A bump-up CD locks in your funds for a longer period at variable rates. It won't be an ideal savings option for investors or savers who prefer one-year or less terms.  Bump-up CDs tend to be longer terms, such as 2 years or more.


    4) Starting a Lowe Rate Despite the Prevailing Rate High

Bump-up CD provides a lower rate than the prevailing interest rate by keeping the margin for future bump-up request meetings. 

 

But the future is uncertain it could lead to no interest rate increase. You can lose the higher rate or alternatives to bump-up CD, while picking up pump-up CD, losing the potential gain and selecting it with an opportunity cost.


    5) No Automate Rate Adjustment

You need to remain proactive and extra cautious and make requests as there is no automatic rate increase adjustment on pump-up CD.  

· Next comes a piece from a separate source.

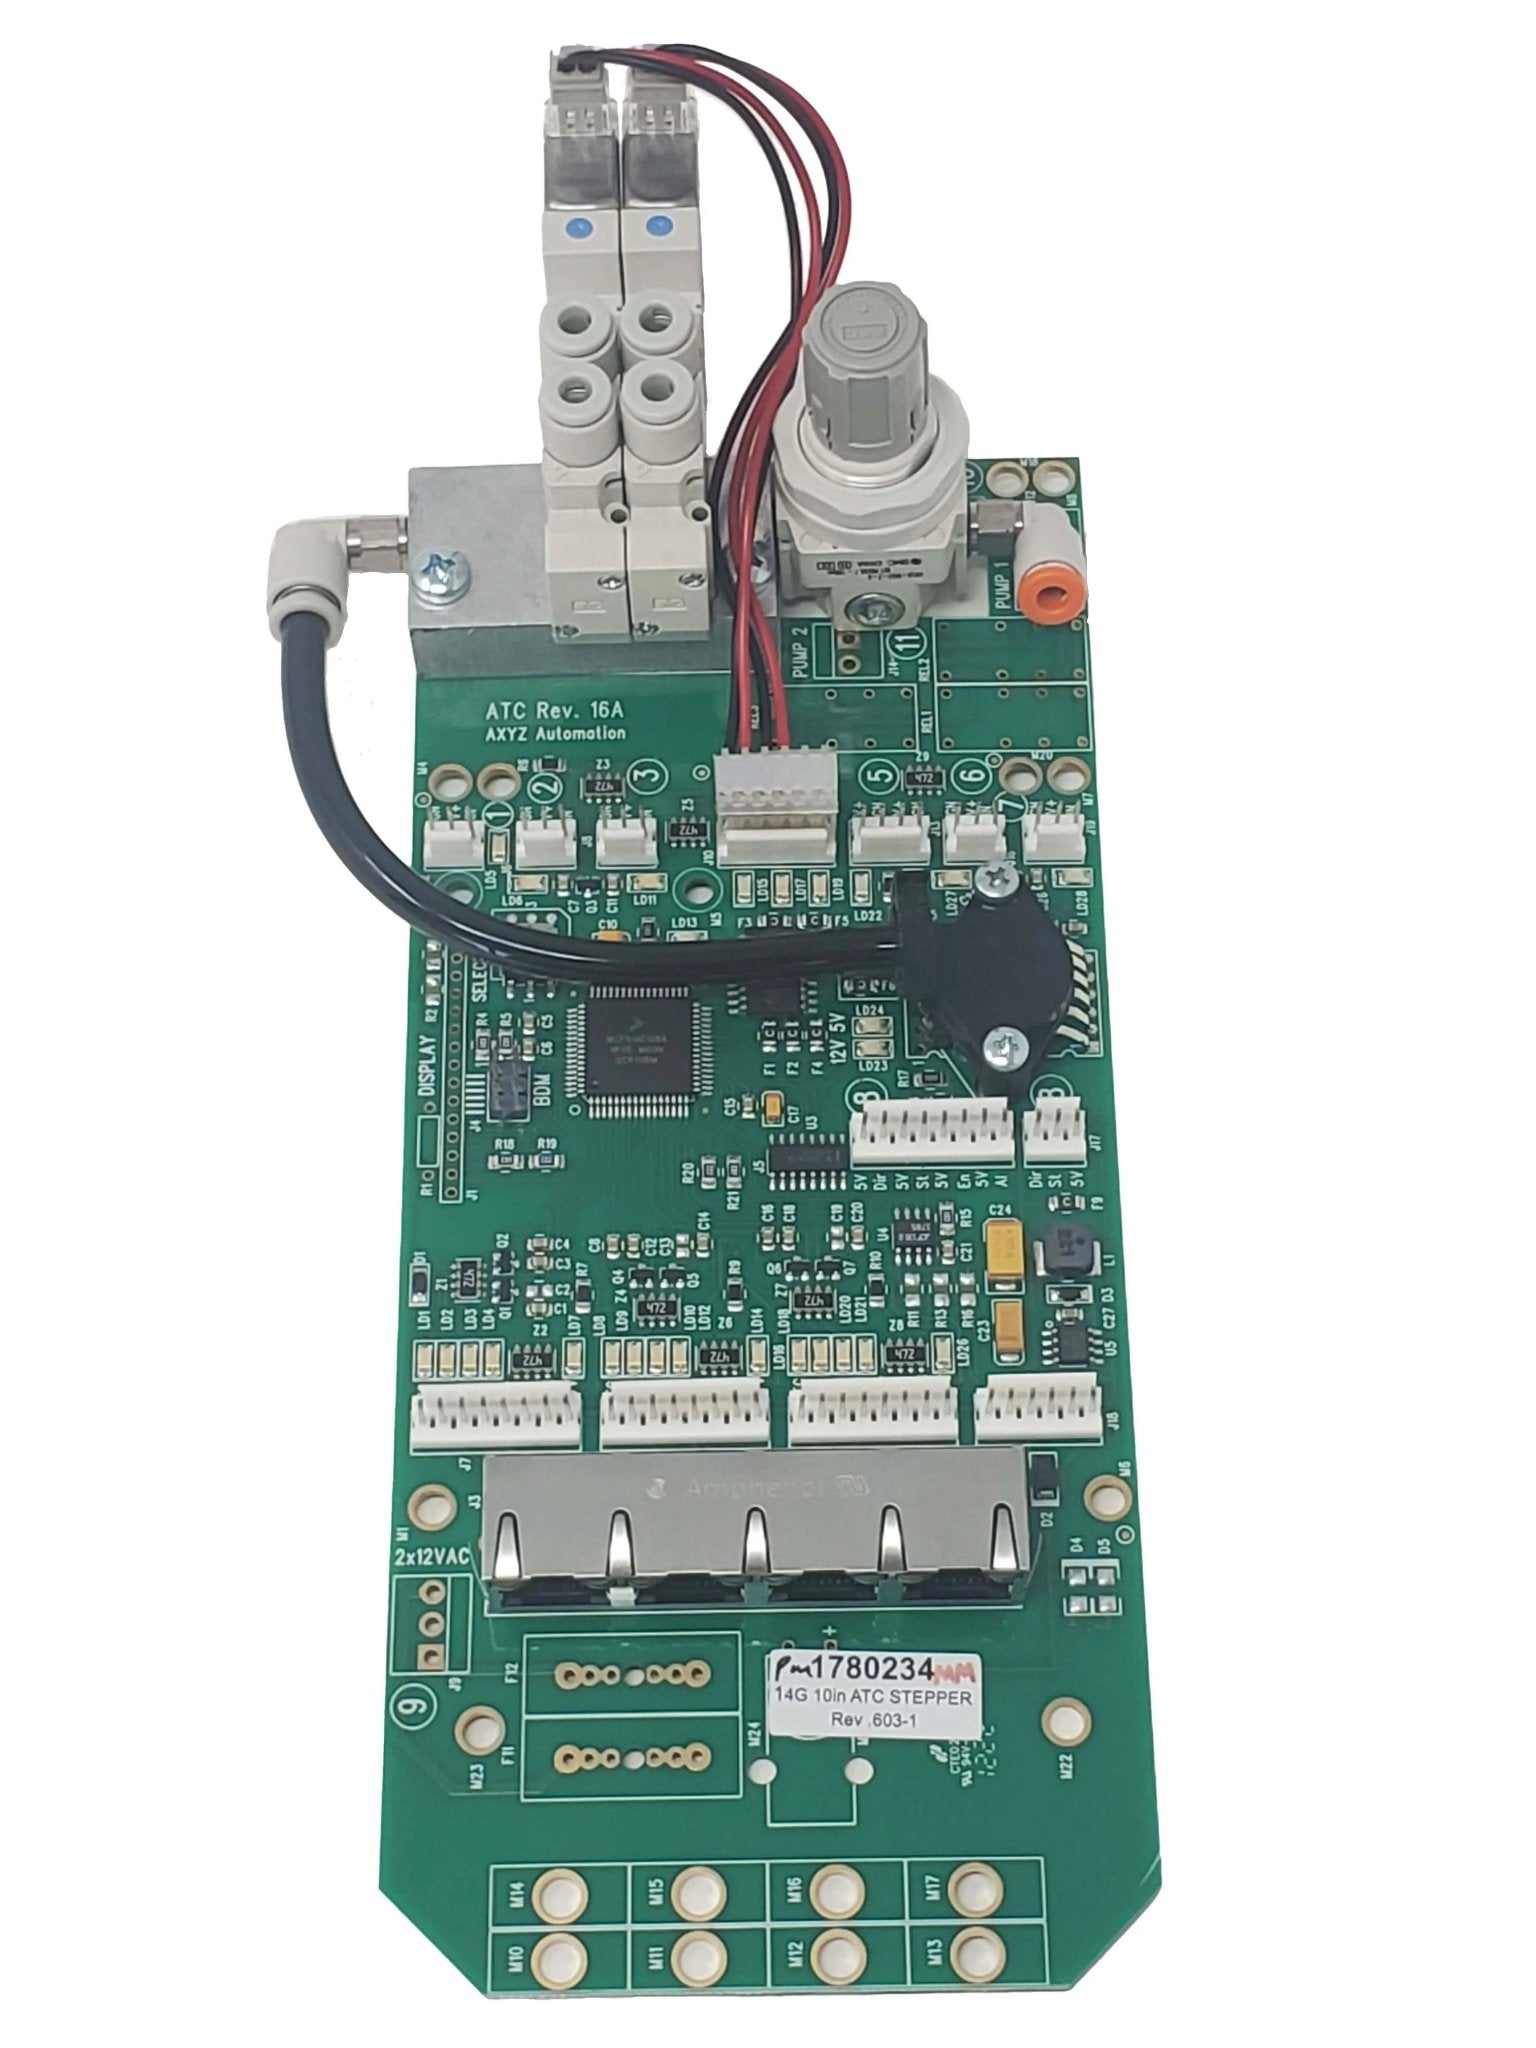 AXYZ - 1780234 7G/10G/14G ATC Modbus Board Stepper Rev. 603.1
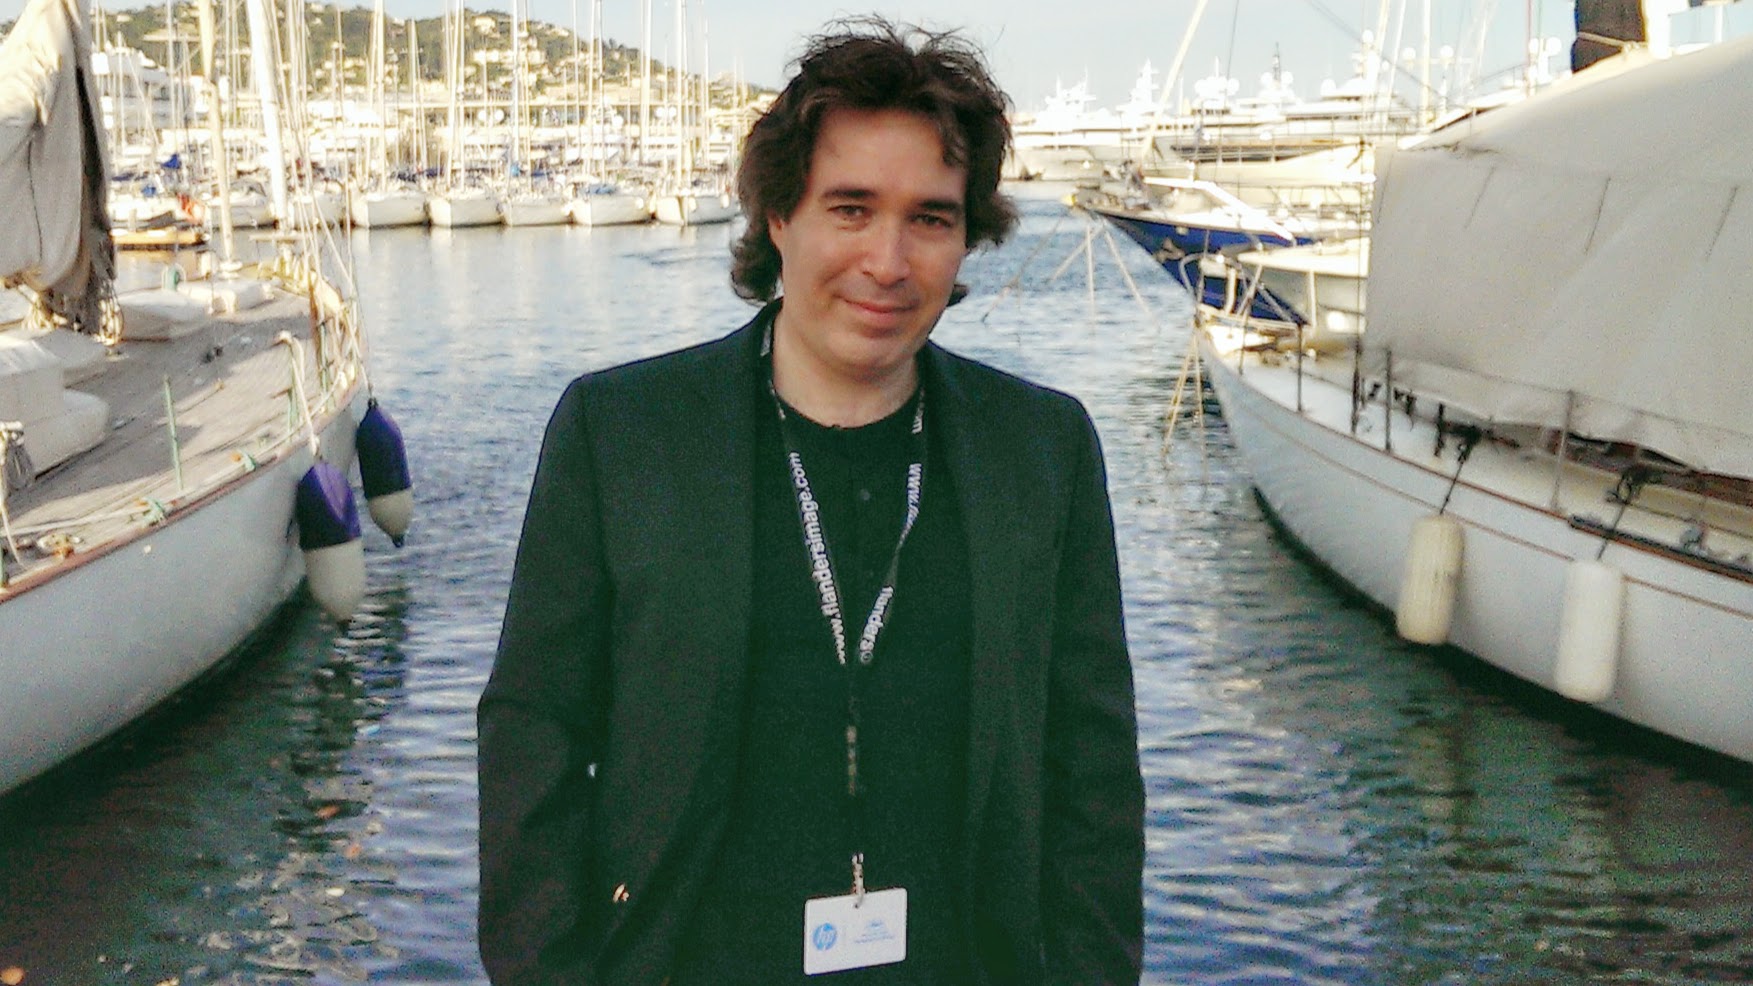 David Christopher Loya Cannes Harbor - May 2014

Alternatives to Bump-Up CD

While considering the bump-up CD, you should never miss out on the alternatives to the bump-up CD. It depends on the savings goals such as construction improvements, and major purchases. 


    1) Step-Up CDs

A step-up CD is similar to a bump-up CD. Automatically, it increases the annual percentage yield (APY)  after the set intervals over the CD maturity period. Banks decide the interest rate increase in advance and when to increase the rate.


    2) CD Laddering

Another option to bump up a CD is building a CD ladder. CD laddering is a strategy dividing funds over multiple CDs with different maturity dates, reducing the risk of missing out on the higher interest rates after placing your funds untouched for a specific period such as one-year, two-year, three-years, four-year, or five-year. 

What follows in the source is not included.